> EXERCISE:
A full, exact copy of the listing is needed, with images omitted.

> DATASET EXTRACT:
=== Begin Enclosure ===

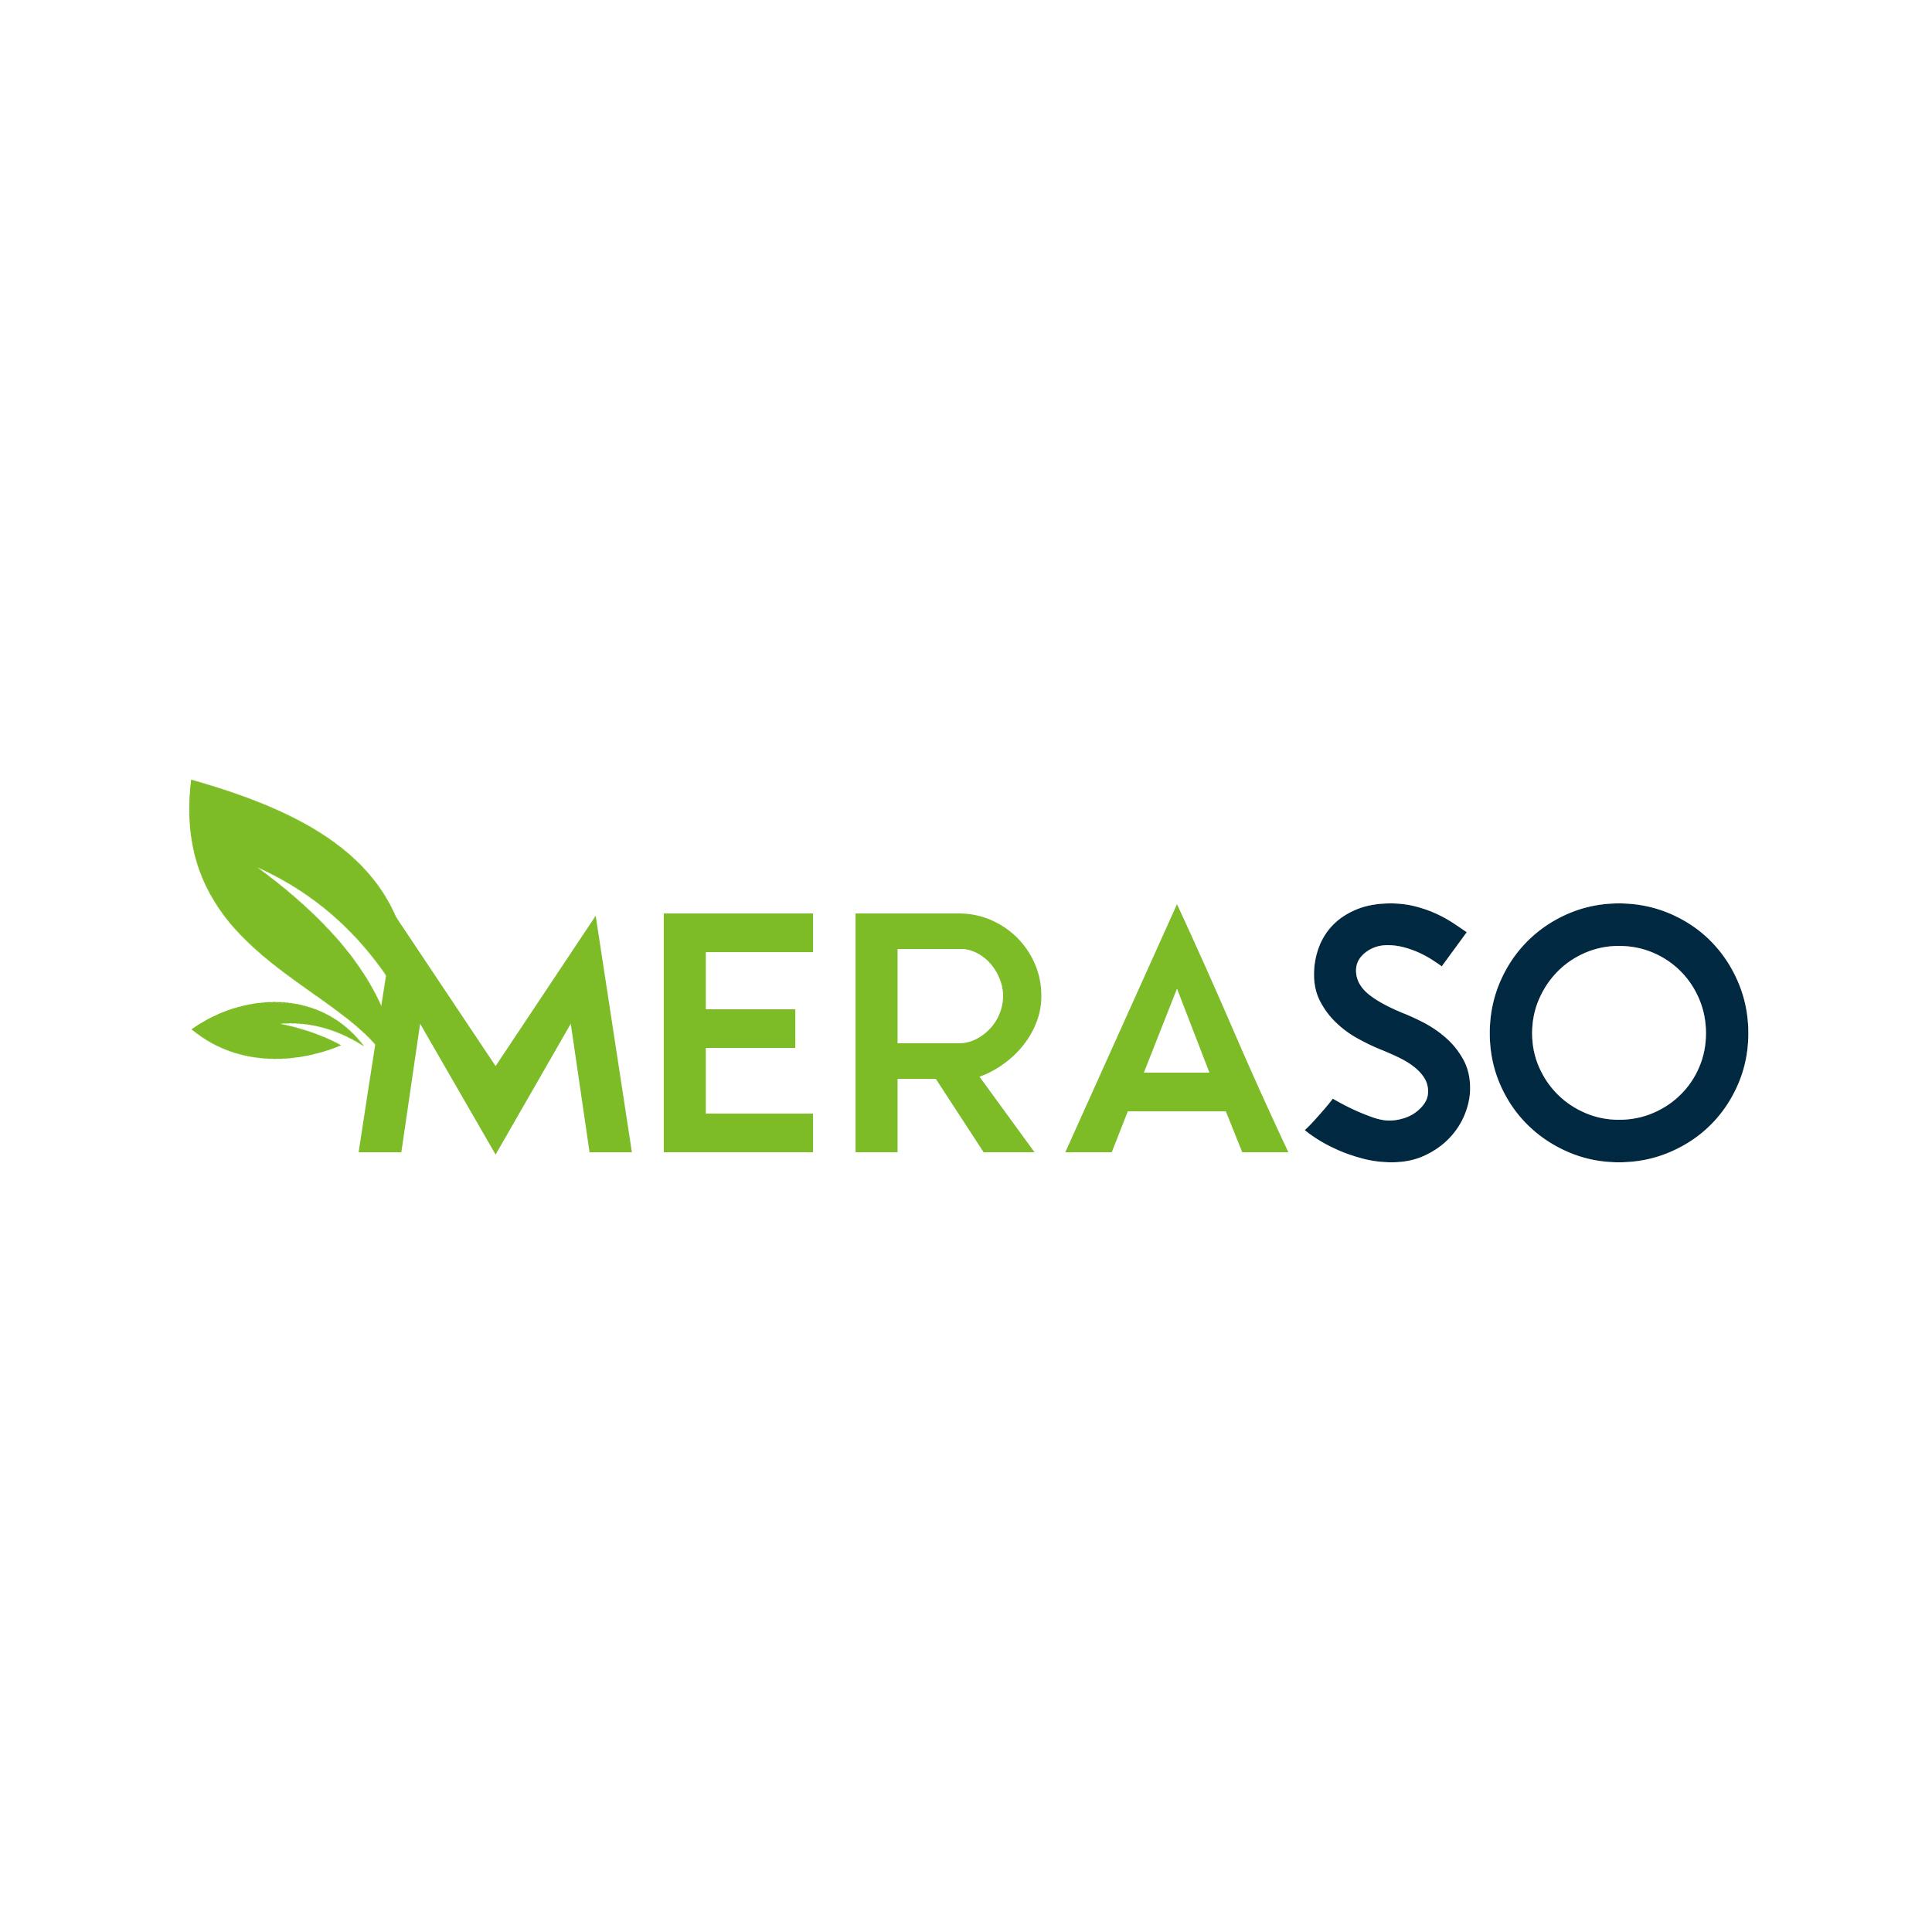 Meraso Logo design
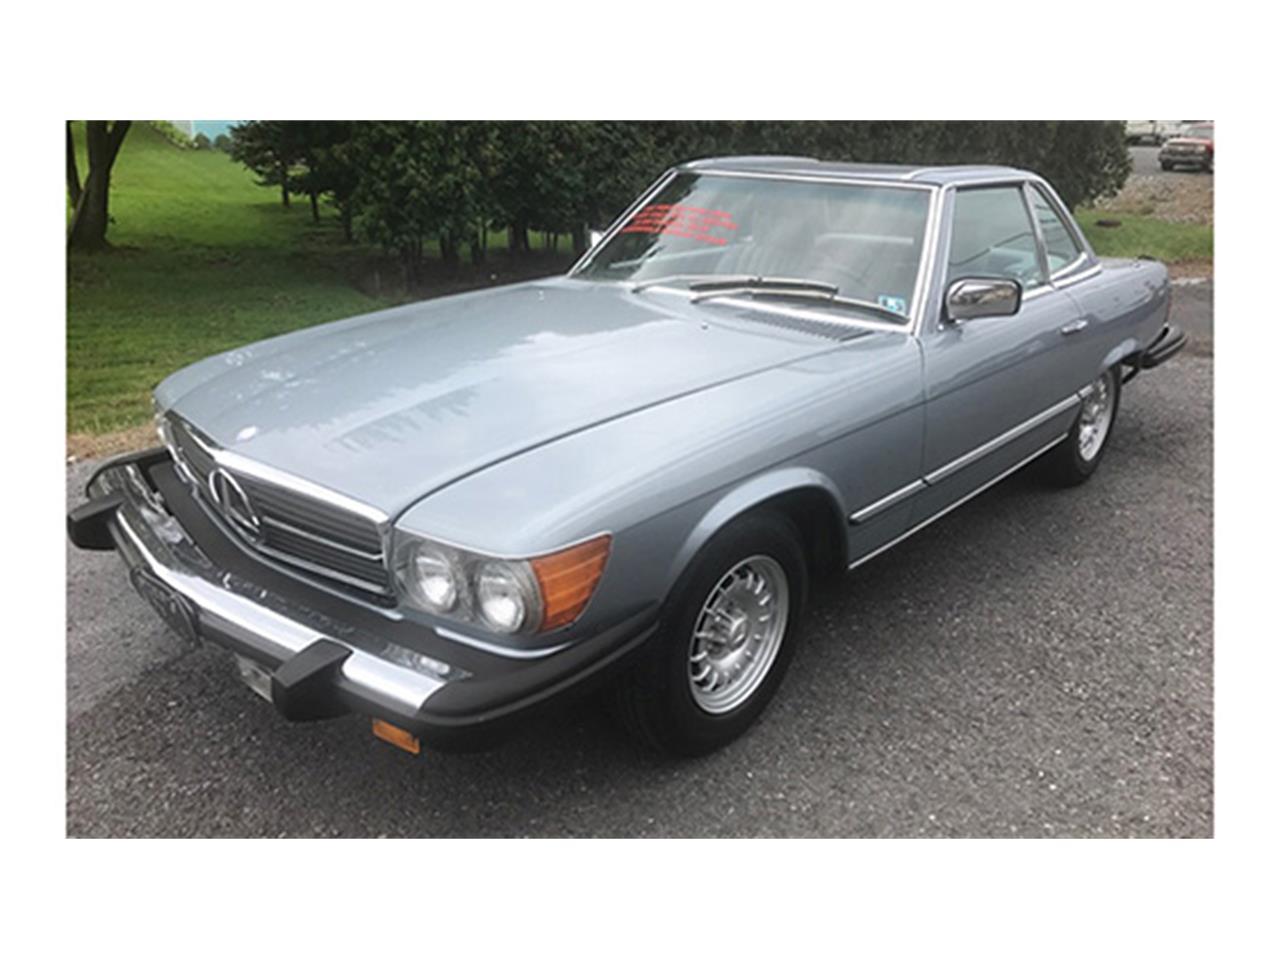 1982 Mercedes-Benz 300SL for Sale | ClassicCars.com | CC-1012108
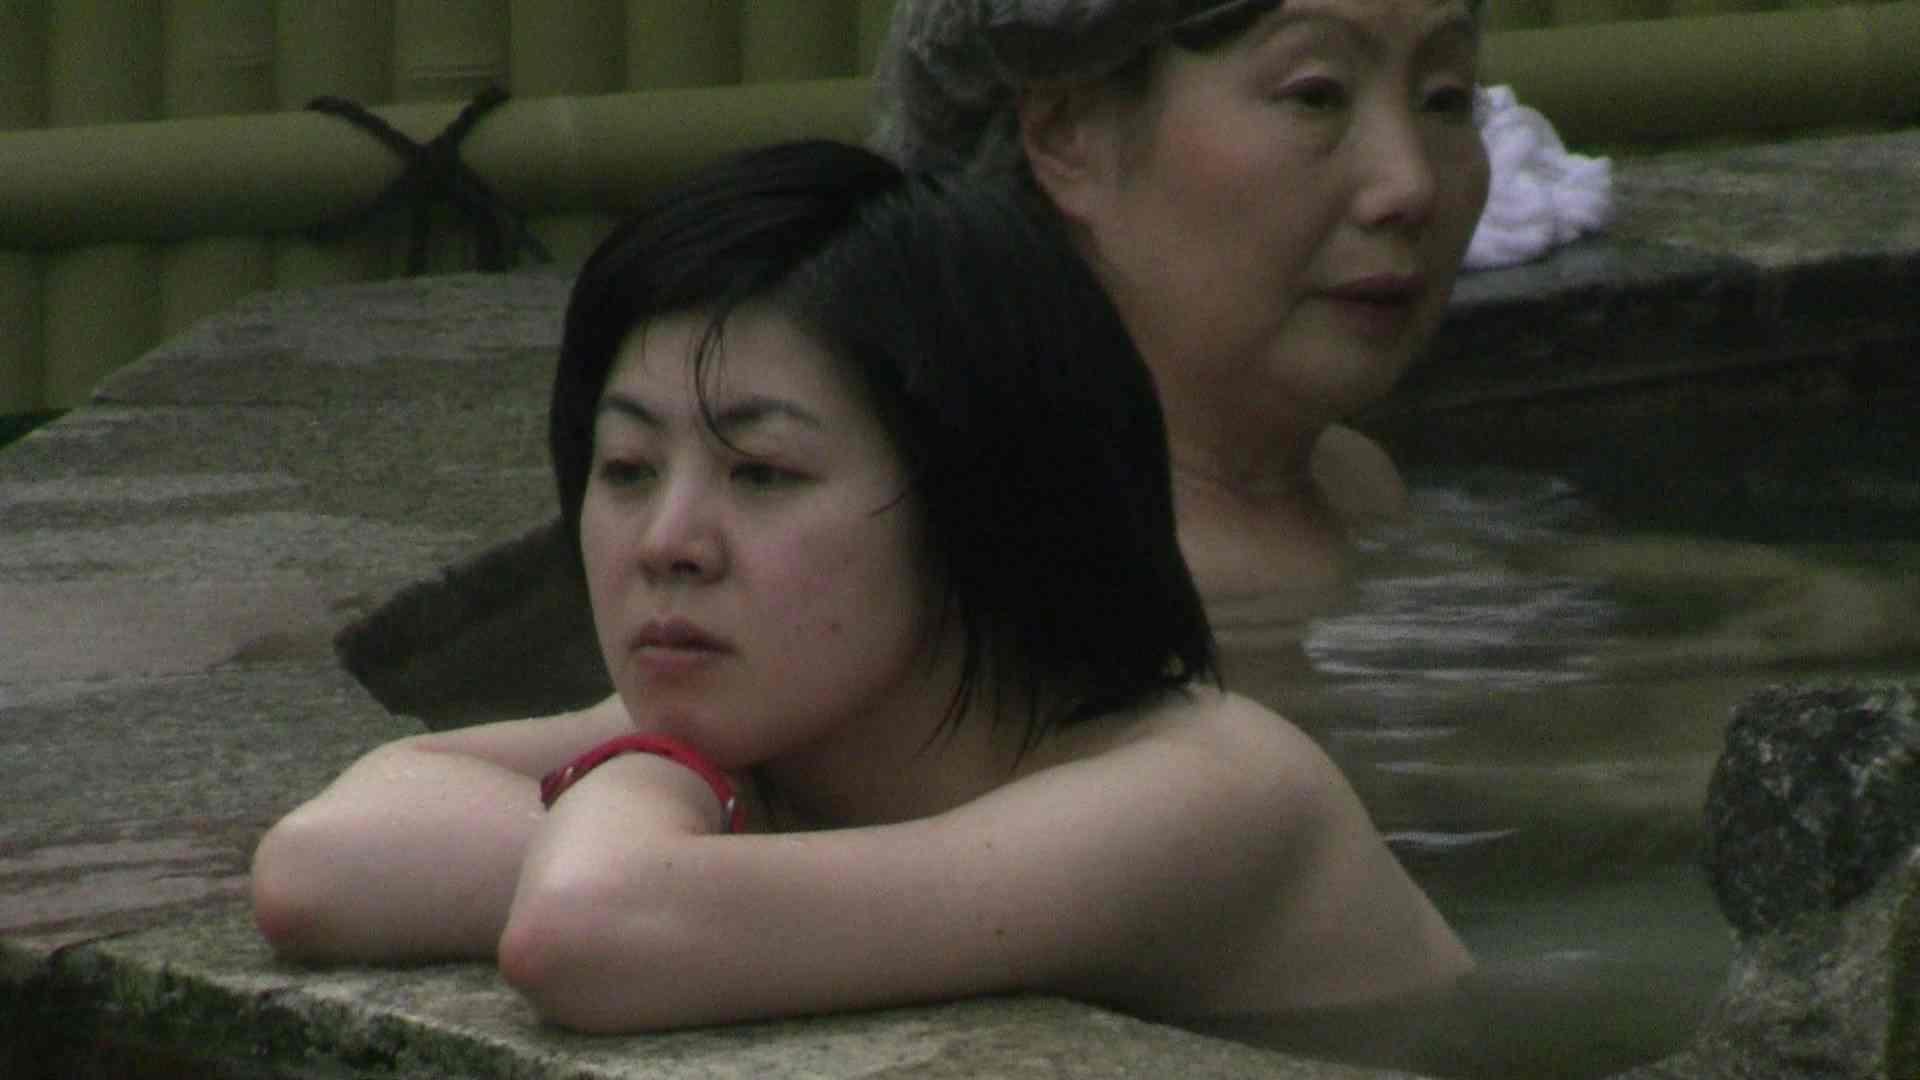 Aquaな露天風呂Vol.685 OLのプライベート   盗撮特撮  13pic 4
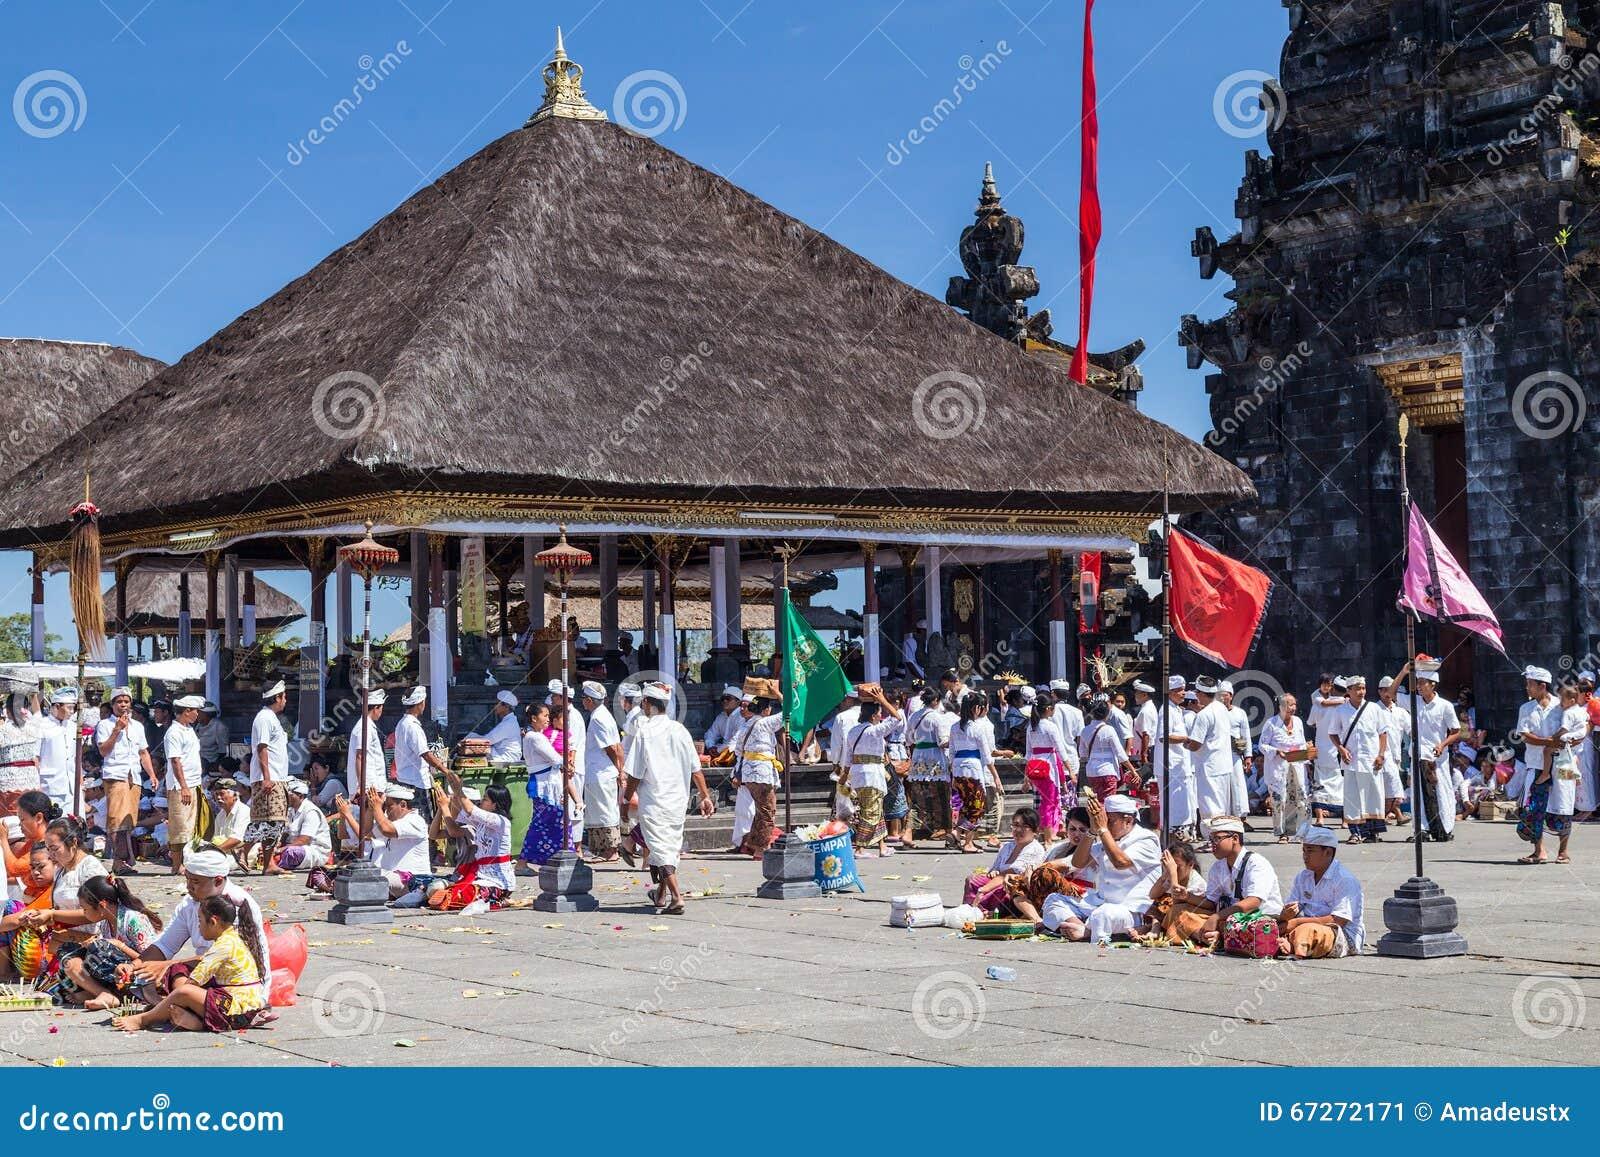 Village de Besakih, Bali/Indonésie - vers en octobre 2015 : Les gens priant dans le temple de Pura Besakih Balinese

=== End Enclosure ===

> ANSWER SPACE:
 Meraso Logo design
 1982 Mercedes-Benz 300SL for Sale | ClassicCars.com | CC-1012108
 Aquaな露天風呂Vol.685 OLのプライベート   盗撮特撮  13pic 4
 Village de Besakih, Bali/Indonésie - vers en octobre 2015 : Les gens priant dans le temple de Pura Besakih Balinese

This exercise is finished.